生活習慣病と排尿障害の関係
生活習慣病と排尿障害の原因になる?
最近、生活習慣病と排尿障害との関連が注目されています。生活習慣病とは、生活習慣にともなう内臓脂肪の蓄積により生じる高血圧、高血糖、高脂質血症などを指します。これらの疾患では動脈硬化が進むため、膀胱を栄養する血管も細くなるため膀胱の血流を低下させてしまう「膀胱虚血」が起きます。生活習慣病による慢性膀胱虚血は頻尿の原因となる過活動膀胱を起こします。さらに糖尿病や肥満が合併していると過活動膀胱の発生率はさらに高くなります。 膀胱虚血は原因と考えられる生活習慣病の治療を優先しつつ、過活動膀胱の治療(β3アドレナリン受容体作動薬の内服)を行うことになります。

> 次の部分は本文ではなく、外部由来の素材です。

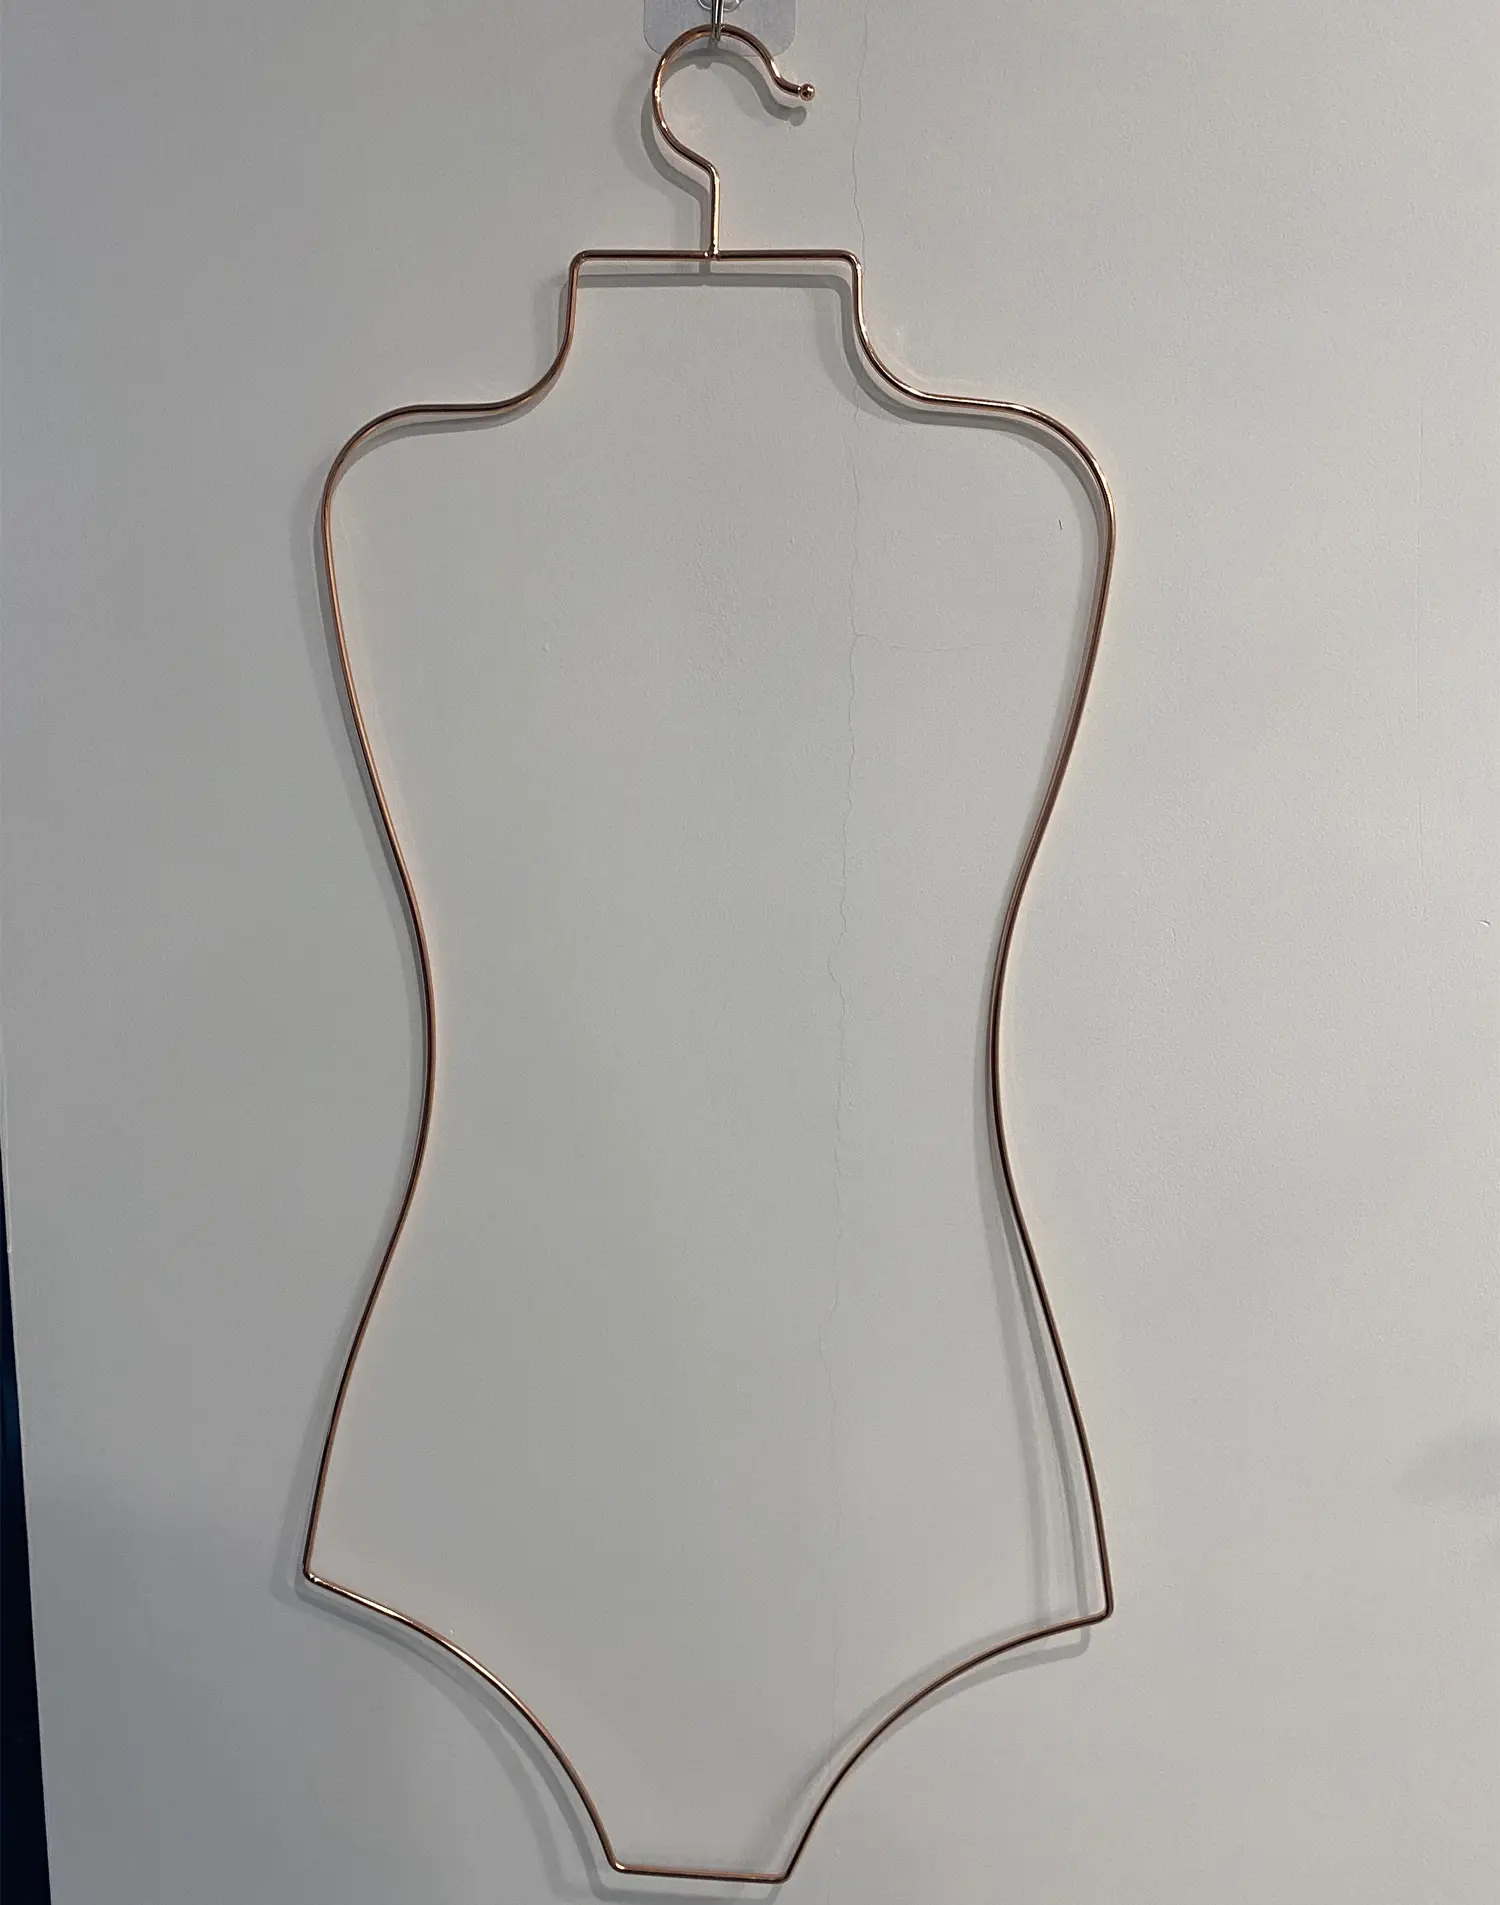 Hohe Qualität Volle Körper Form Schwarz Edelstahl Metall Draht Display Bikini Bademode Aufhänger
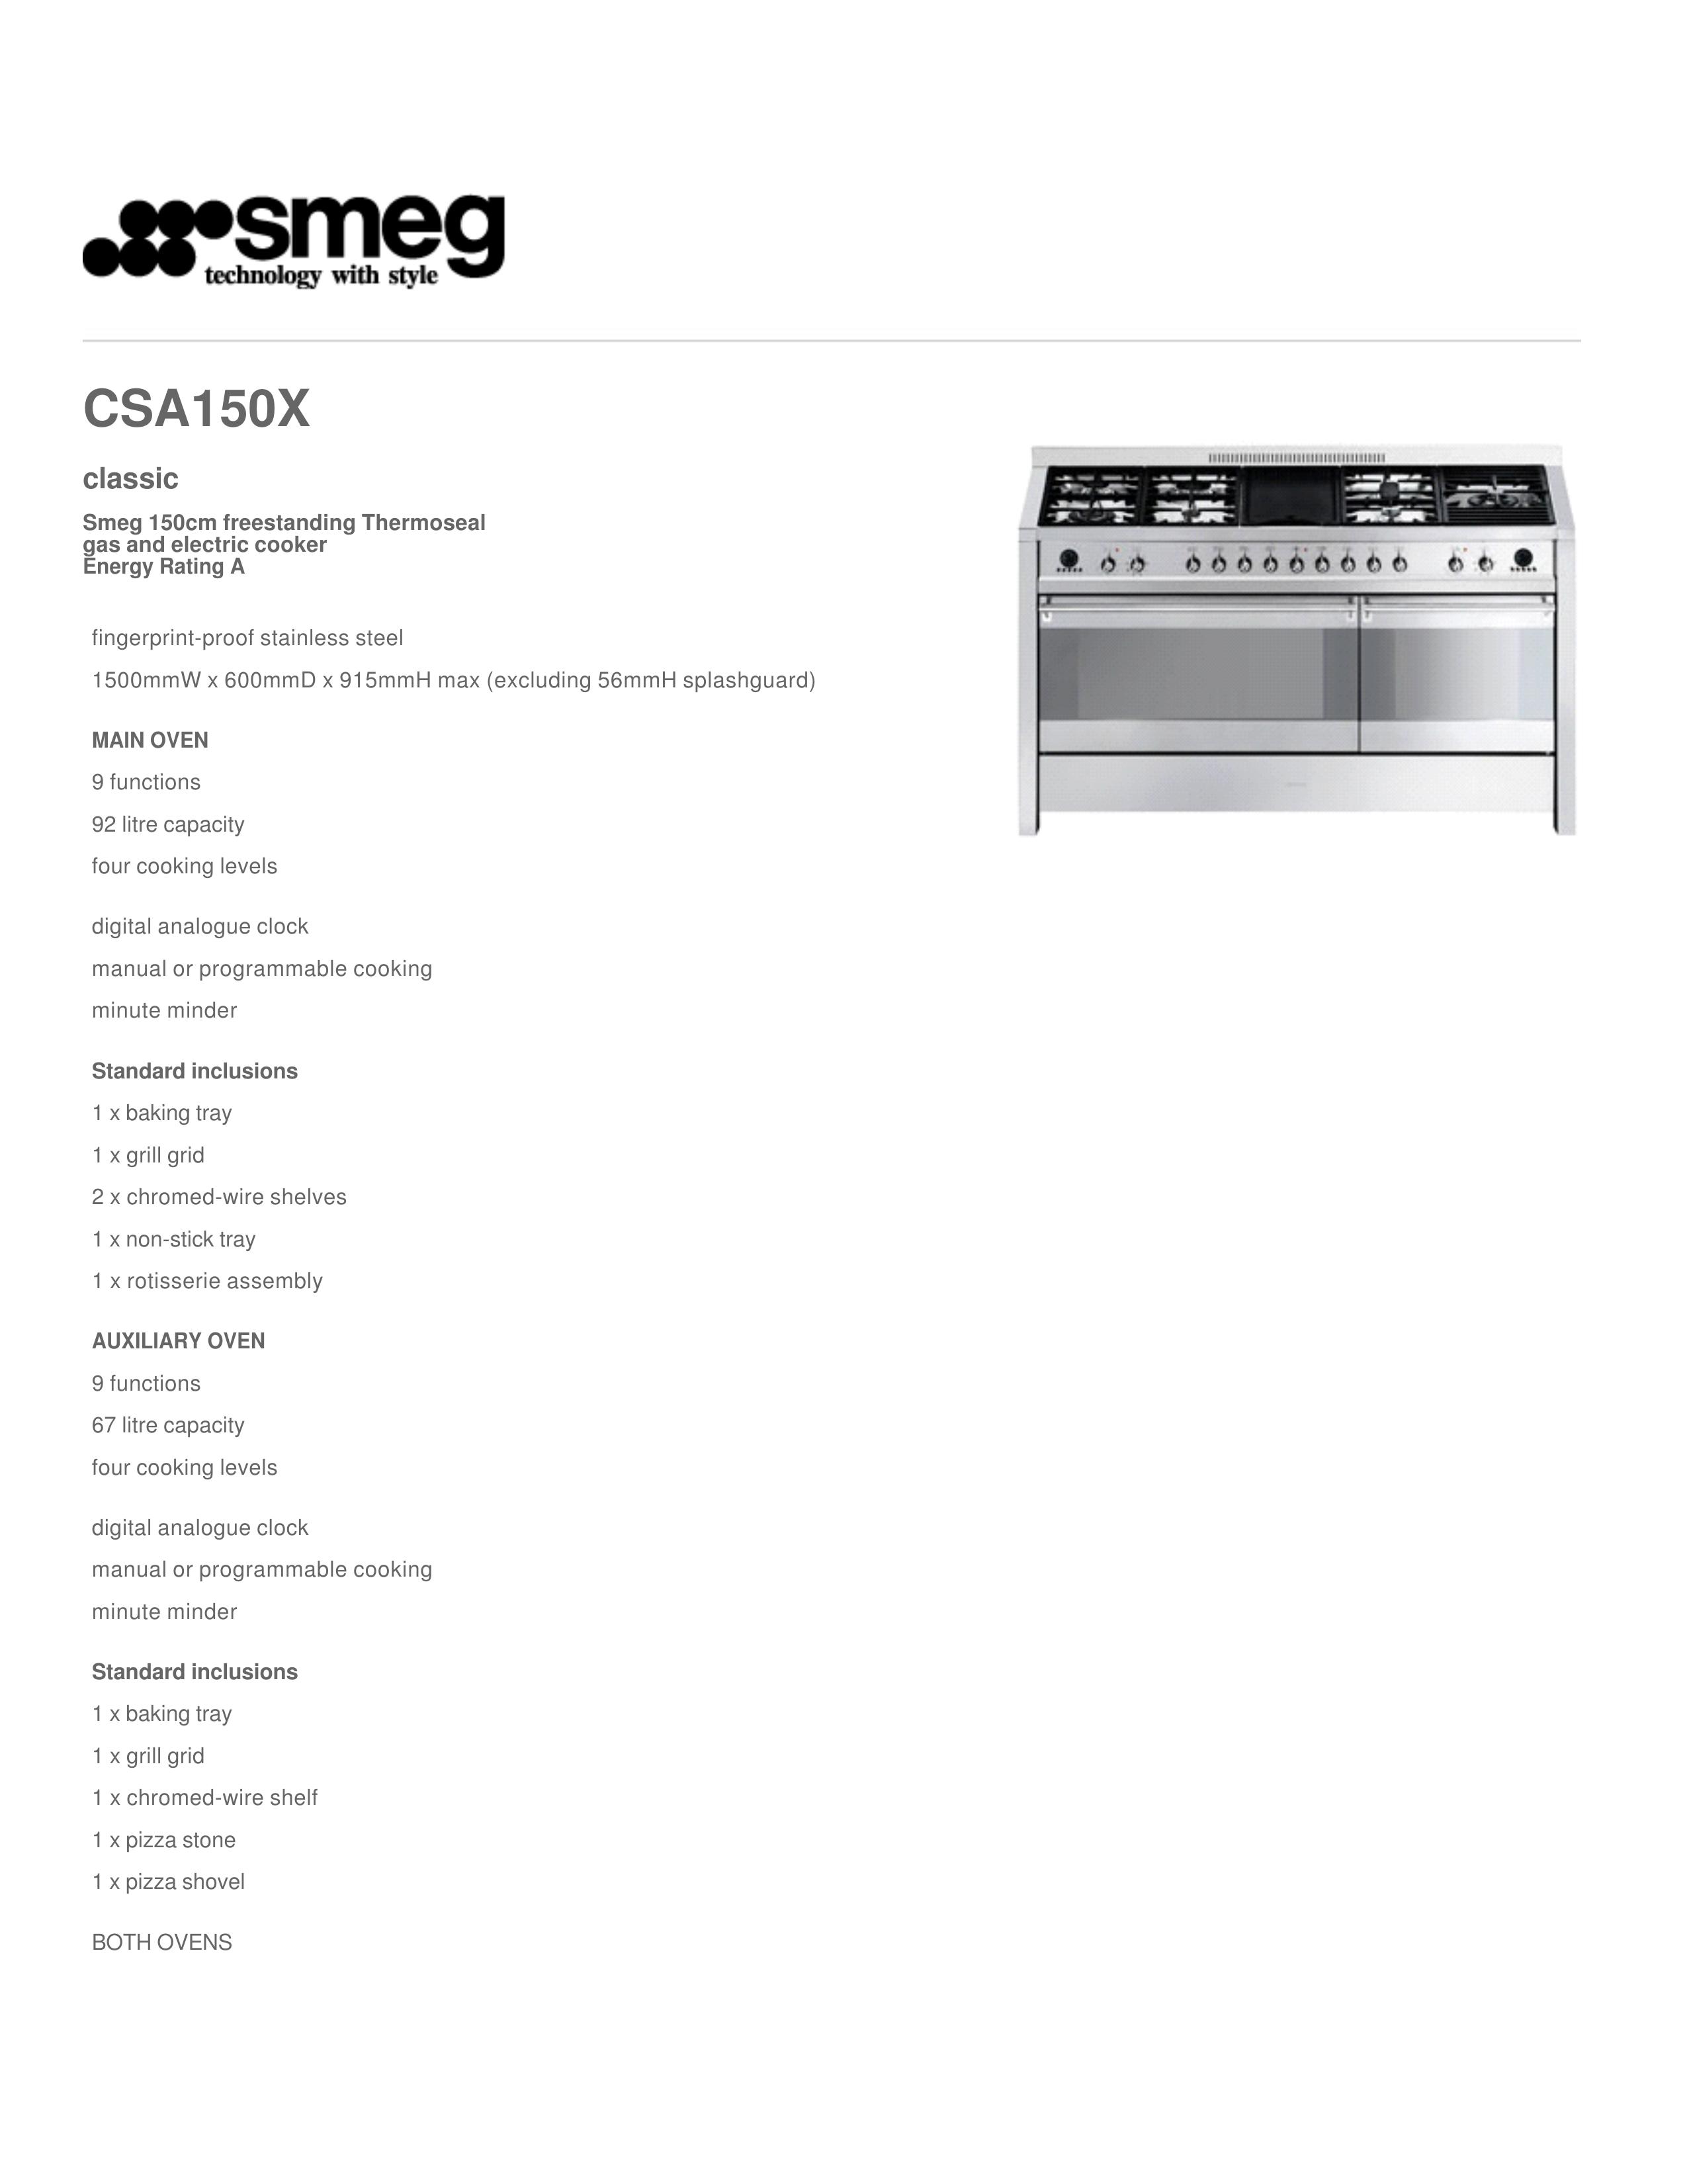 Smeg CSA150X Electric Grill User Manual

糖尿病では末梢神経障害によって尿が貯まったという膀胱の知覚が低下して、やがて膀胱が過度に広がってしまうことになります。膀胱の過伸展(膀胱の正常容量を超えて膀胱に尿を貯めてしまう現象、通常700ml以上) が起きると、膀胱の排尿収縮力が低下するため残尿が増えて、やがて尿閉(尿が出せない)や溢流性尿失禁(尿が溢れ出る状態)が生じます。糖尿病患者の約半数は、尿意切迫感や切迫性尿失禁などの過活動膀胱があり、こうした方に脳MRIを行うと、75%に多発性脳梗塞があることがわかってきました。したがって糖尿病で排尿障害がある場合には、原因は末梢神経だけでなく脳梗塞も隠れている可能性があるので、糖尿病で頻尿という方は、脳のMRIを行うことが勧められます。